Justification and Joy

In Ecclesiastes 9, Solomon urges, “Go, eat your bread in happiness and drink your wine with a cheerful heart; for God has already approved your works.” Joy comes from knowing that God accepts and approves what we do, and, implicitly, accepts and approves us. God finds something in our works to delight Him. That approval brings us joy, and the joy is manifested in a cheery feast of bread and wine.

The verb “approve” is the Hebrew ratzah, used to describe Yahweh’s acceptance of offerings (Leviticus 1:4), offerers (Leviticus 7:18), and human works (Deuteronomy 33:11). Yahweh approved David as king over Israel (1 Chronicles 28:4), and several Psalms include pleas for Yahweh to approve and deliver David (40:13; 119:108; 147:11; 149:4).

The word implies delight and pleasure. It doesn’t have the same judicial connotation as terms like “judge” or “justify,” but it does imply an informal act of valuation and judgment. God “approves” whomever or whatever is pleasant and delightful in His sight.

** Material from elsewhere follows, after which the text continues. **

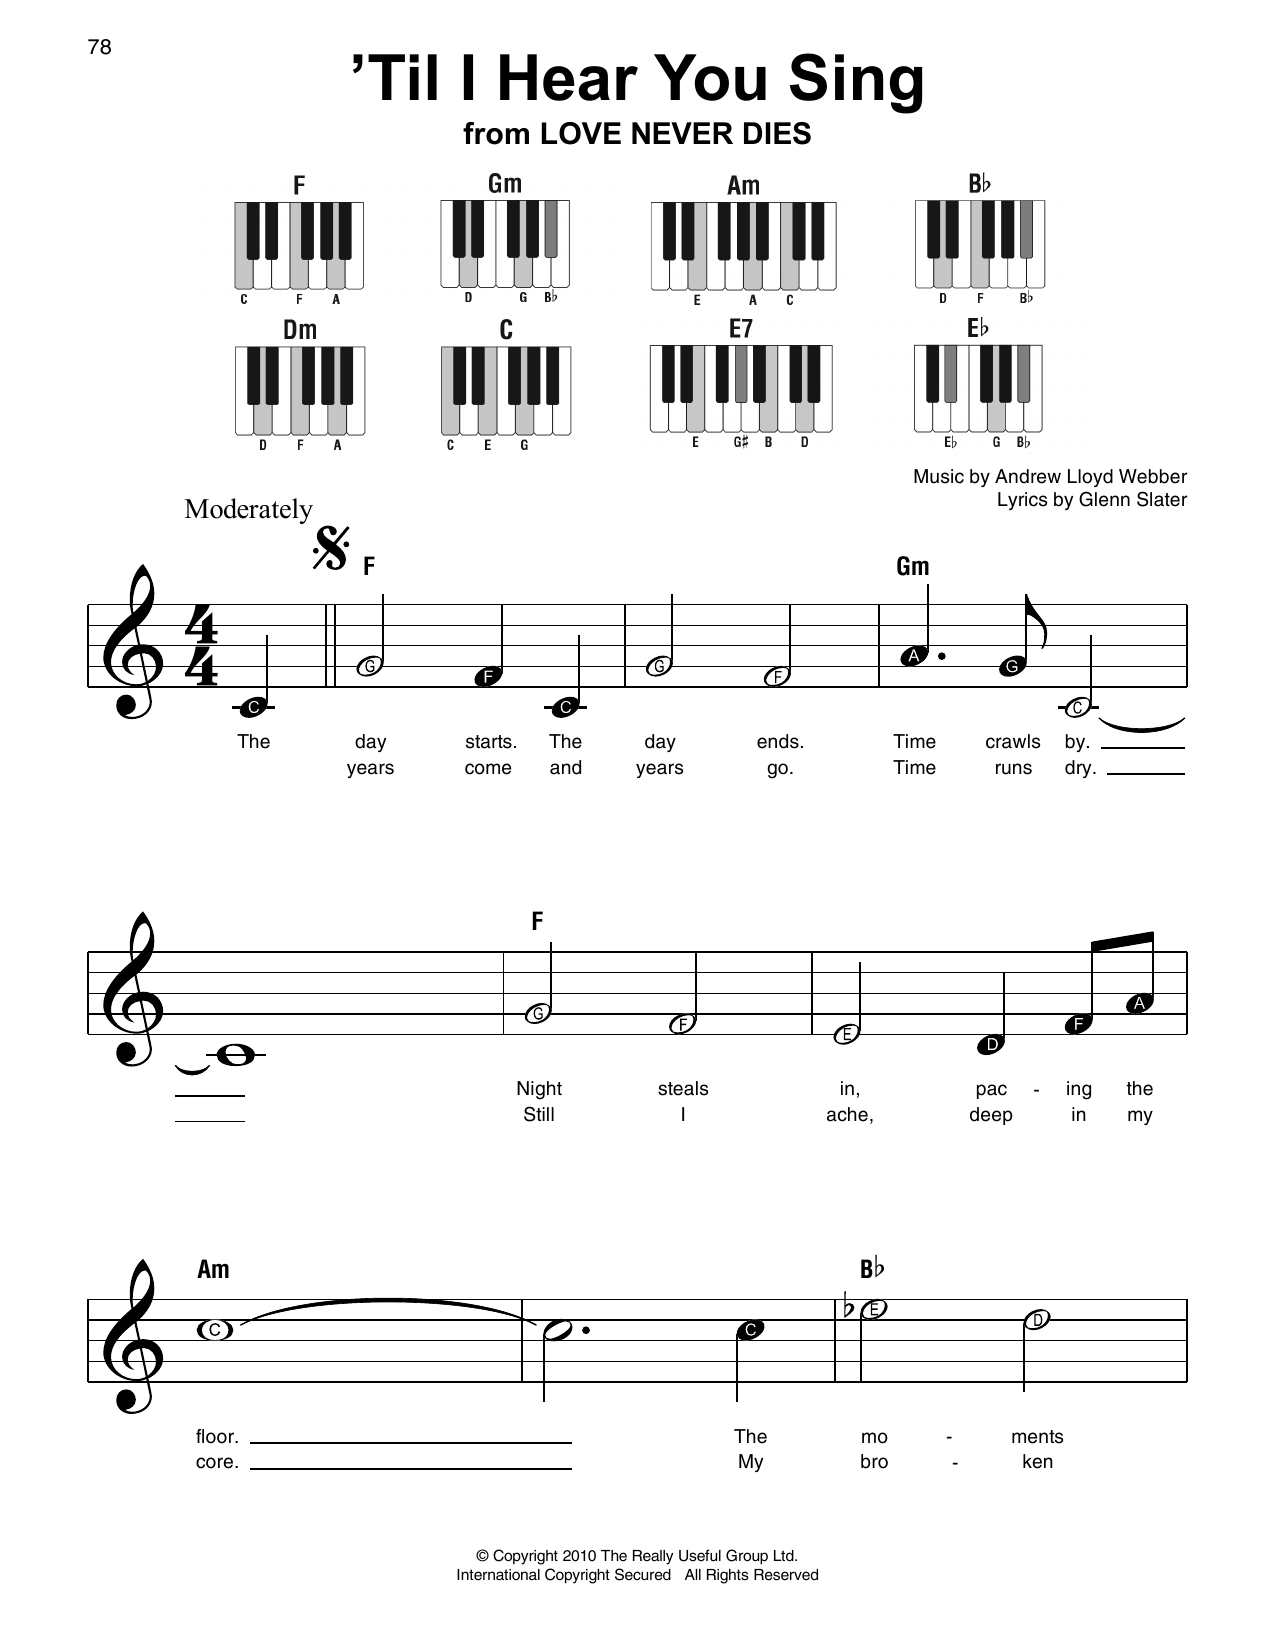 'Til I Hear You Sing (from 'Love Never Dies') Sheet Music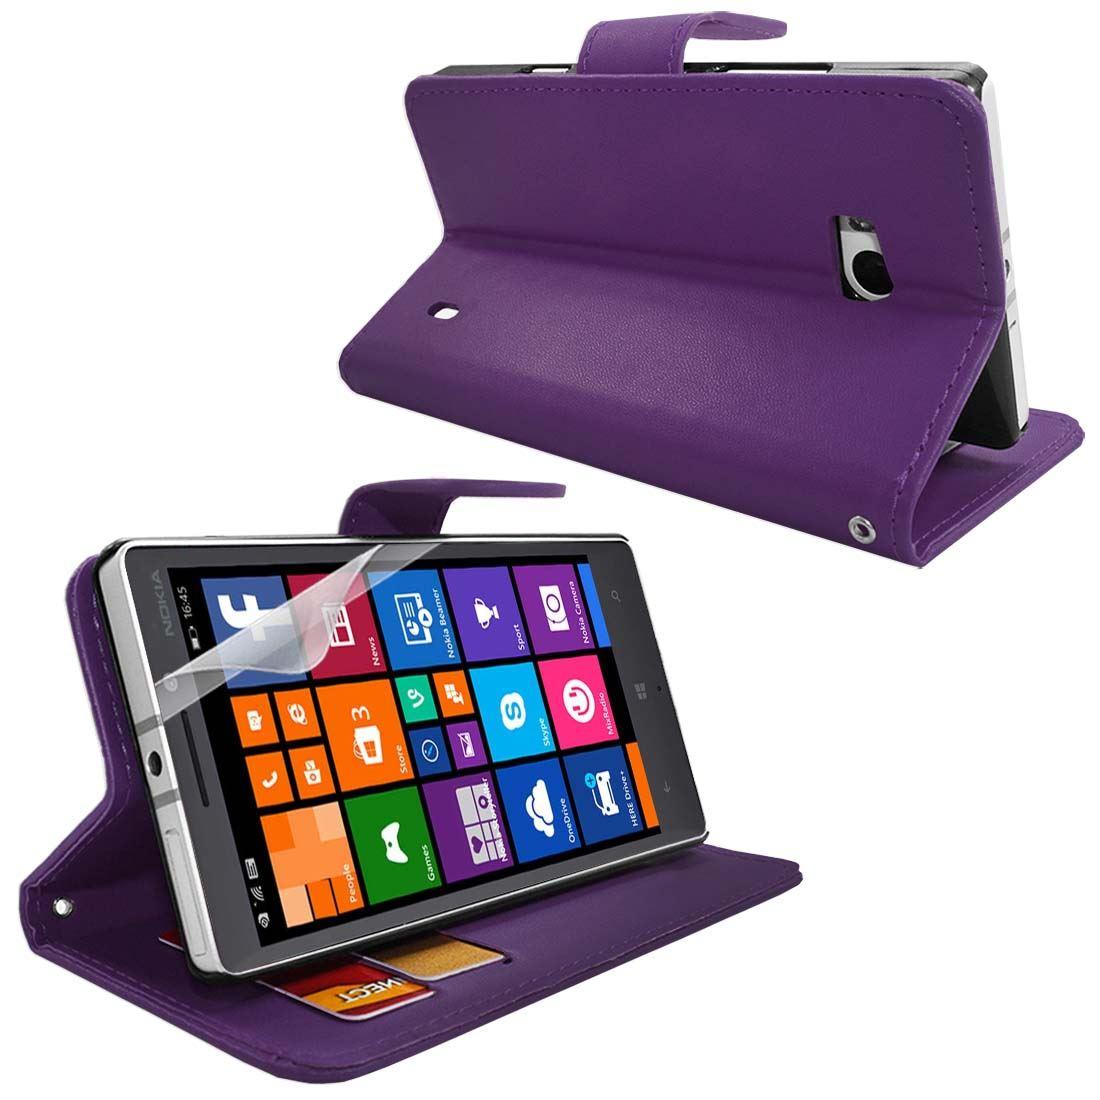 Custodia Portafoglio in PU pelle laterali Flip Stand Nokia Lumia 930 + pellicola

To put it in Christian terms: We are approved by God in Christ, and our works are fruits of His Spirit. Justified in Christ, we stand under God’s approving eye. Because He rejoices over us, we rejoice before Him. Our feast of bread and wine is a festive declaration of our being-approved. The fact that we feast with joy expresses our confidence that we are justified. To share in the joy of the feast is to share in God’s approval.

As N.T. Wright said in one of his earliest essays, the message of the doctrine of justification by grace through faith is: Relax. To which we may add: Rejoice.

(This post was inspired by a sermon by Rev. Rich Lusk, November 20, 2016.)